Pewnego dnia dochodzi do zabójstwa Ingeborg Martinek, gospodyni kamienicy z mieszkaniami na wynajem. Na podstawie śladów na ciele ofiary policjanci podejrzewają, że morderstw może być więcej. Ponoć na miejscu zbrodni widziano Oskara Radtkego, współpracownika najlepszego detektywa w tym mieście – Stanisława Berga, dlatego prowadzący śledztwo Klaus Tyl postanawia z nim porozmawiać. Jednak Oskar jakby zapadł się pod ziemię, a przyjaciele detektywa otrzymują depeszę, że Berg jest umierający. Jak jest naprawdę? I kto stoi za intrygą powiązaną z serią zabójstw w dziewiętnastowiecznym Królewcu?

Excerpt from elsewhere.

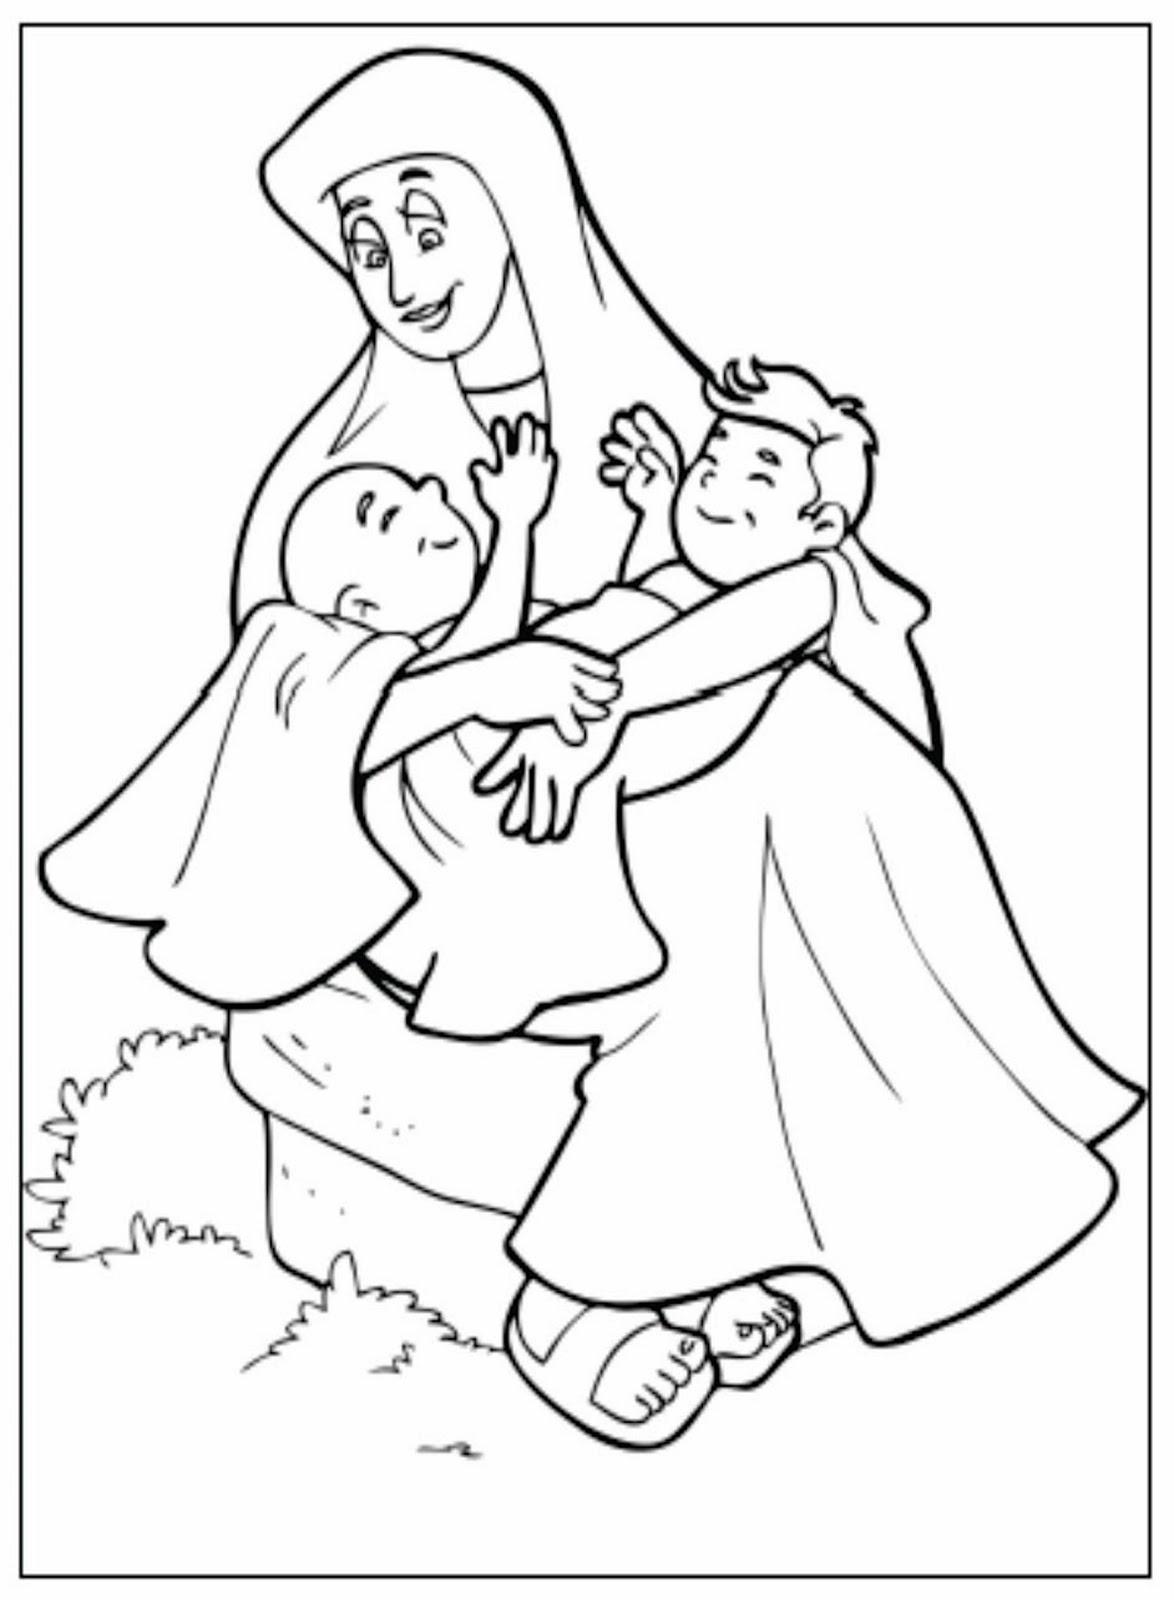 y coloring pages - imagenes cristianas para colorear dibujos para colorear

Do przeczytania książki Krzysztofa Beśki Zabójcza koniunkcja zaprasza Oficynka. Dziś na naszych łamach prezentujemy premierowy fragment powieści:
Wieczorna bryza wzmagała się z każdą chwilą, więc wiele wskazywało na to, że w nocy pewnie będzie już porządnie wiać i zrobi się hałas. Jakaś niedomknięta okiennica czy drzwi z pewnością będą mu sojusznikiem. Lubił, gdy sprzyjały mu siły natury.

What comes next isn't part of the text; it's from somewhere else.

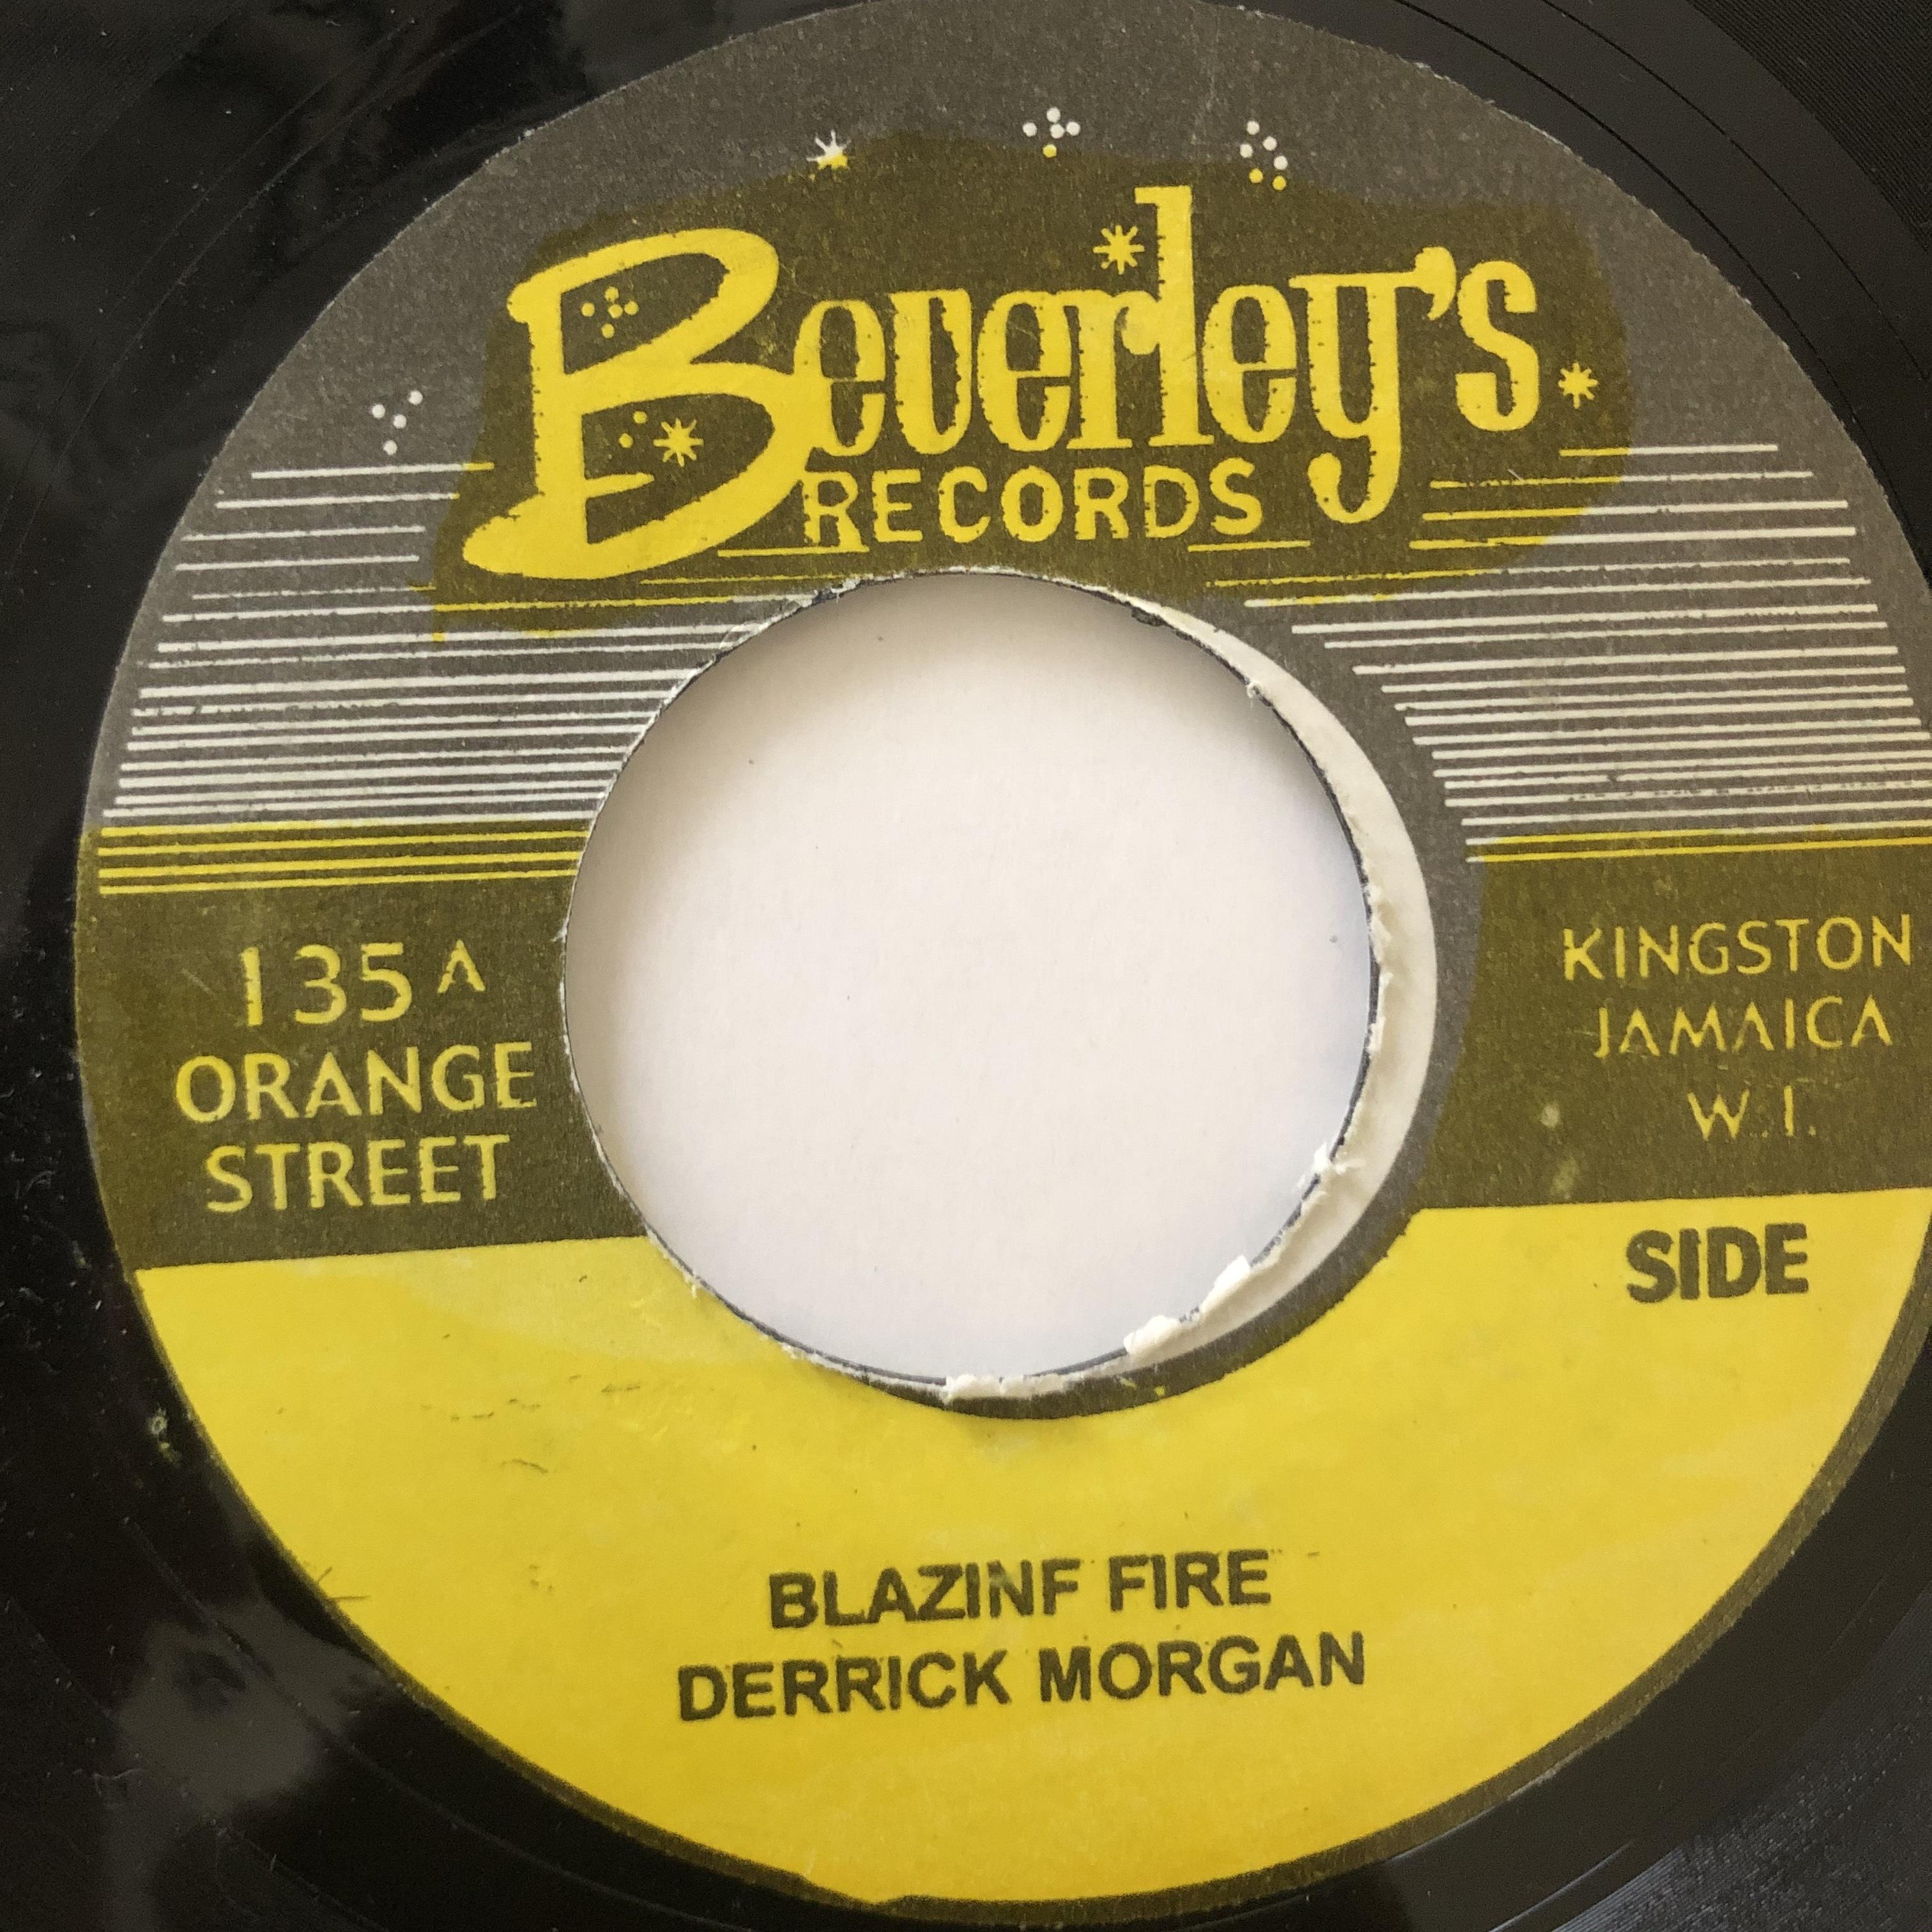 Derrick Morgan - Blazing Fire【7-20663】

Wiatr pracowicie czesał przybrzeżne trzciny i marszczył wody Zatoki Świeżej, tego dziwnego tworu na południowym brzegu Bałtyku, ni to morza jeszcze, ni to ogromnego jeziora. Jakby Stwórca nie mógł się zdecydować, czy już zająć się lądem, czy jeszcze chwilę poczekać, mocząc swe boskie stopy w wodzie. Ktoś, kto tutaj wybrałby się w rejs, a nie znał okolicy, pewnie zdziwiłby się wielce, po kilkunastu ledwie milach napotykając na pas lądu, nad którym panowała ogromna wydma, zwana Wielbłądzim Grzbietem. O tym, że tam coś jest jeszcze, świadczyły teraz pełgające na horyzoncie światełka miejscowości o nazwie Kahlberg.
Ale dość o geografii, nie po tośmy tu przecież przyszli!

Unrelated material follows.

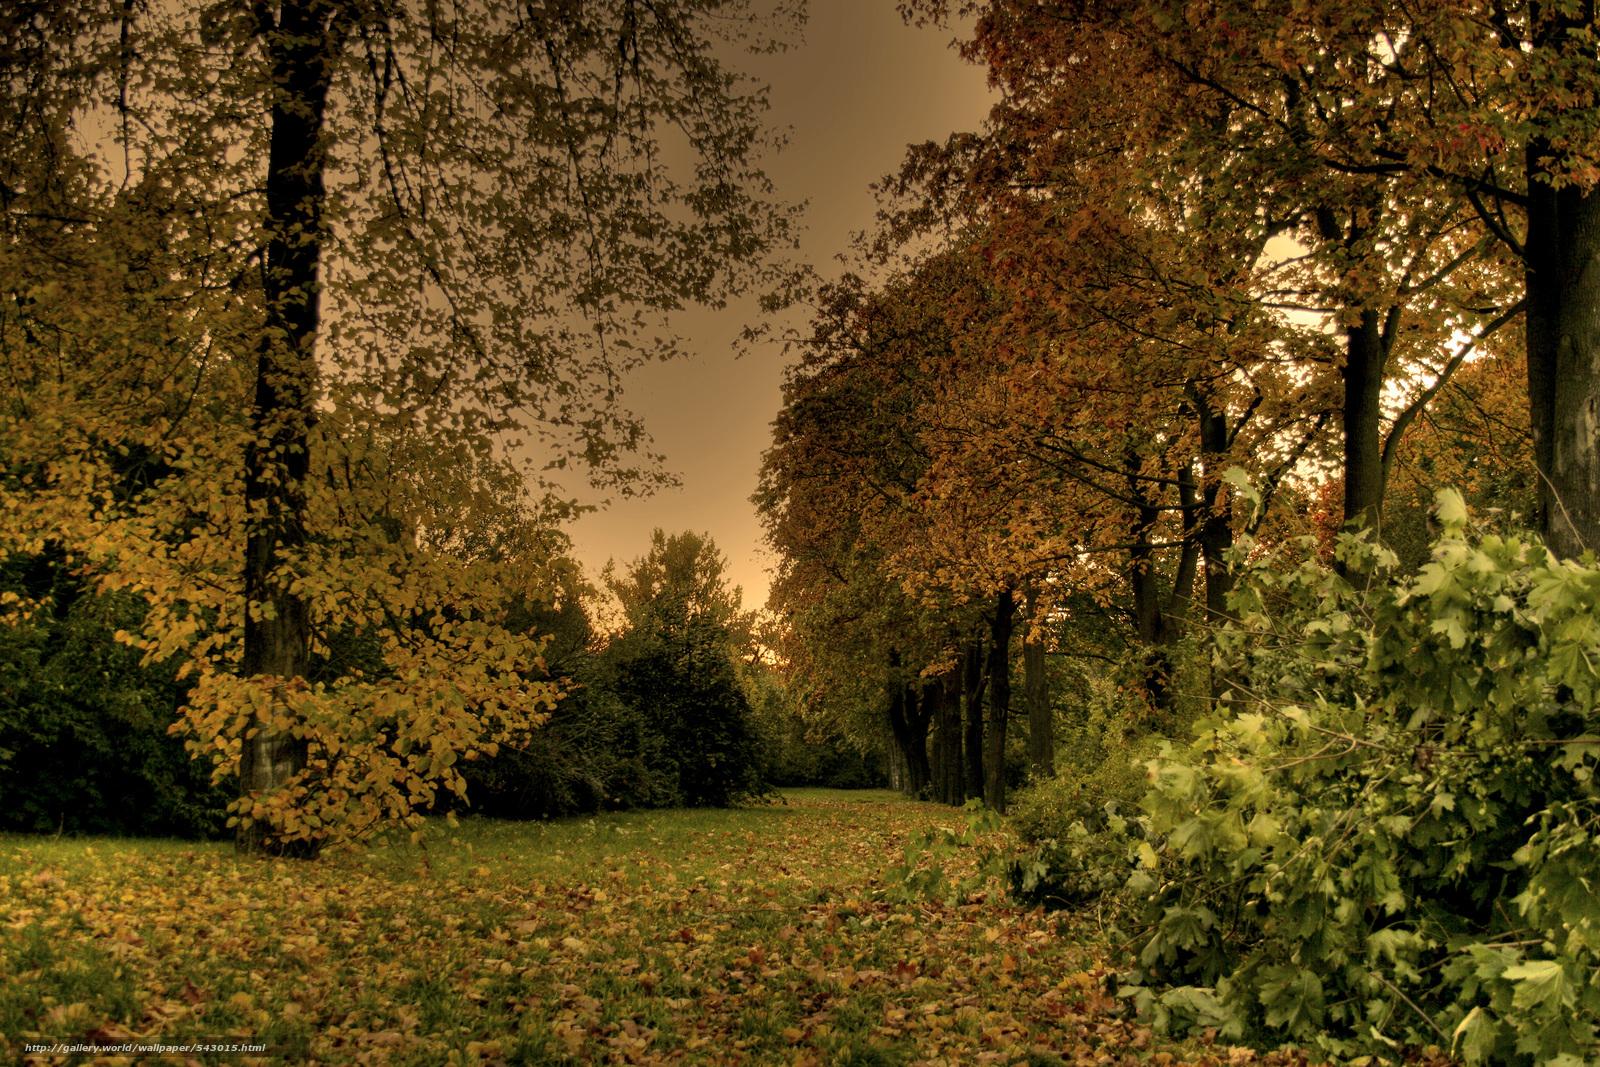 tlcharger fond d 39 ecran automne for t arbres paysage fonds d 39 ecran gratuits pour votre. Black Bedroom Furniture Sets. Home Design Ideas

Mężczyzna opuścił nabrzeże i ruszył w kierunku miasteczka. Wciąż jednak trzymał się wody, przemieszczał się był bowiem wzdłuż kanału prowadzącego w głąb lądu. Wiódł on do wysokiej, ceglanej wieży, stojącej niemal na środku miasteczka. W pewnym momencie, upewniwszy się, że wokół nie ma nikogo, człowiek ów zatrzymał się na przerzuconym przez kanał mostku i przez chwilę spoglądał w dół, gdzie szemrała woda.
Ech, gdyby tak ktoś mógł poznać myśli samotnego wędrowca, który tego wieczora nie wiadomo skąd i po co pojawił się w niewielkim miasteczku Frauenburg! Po co, to będzie wiadomo, kiedy zrealizuje swój plan. A przede wszystkim – jeśli to zrobi. Skąd zaś przybył, tego będą się pewnie chcieli dowiedzieć ci, którzy rankiem, najpóźniej wczesnym przedpołudniem, przyjrzą się temu, co po sobie zostawi. Logiczne, prawda? Wszystko było tylko kwestią czasu.
– Pospiesz się, Hans! – dobiegło z wąskiej uliczki, równoległej do linii brzegowej.
W odpowiedzi rozległo się parsknięcie konia. Wątpliwe, by ktoś nazwał szlachetnym imieniem chabetę, więc pewnie słowa ponaglenia skierowane były do kogoś, kogo zadaniem było rozładowanie wozu, a może przeciwnie – jego załadunek.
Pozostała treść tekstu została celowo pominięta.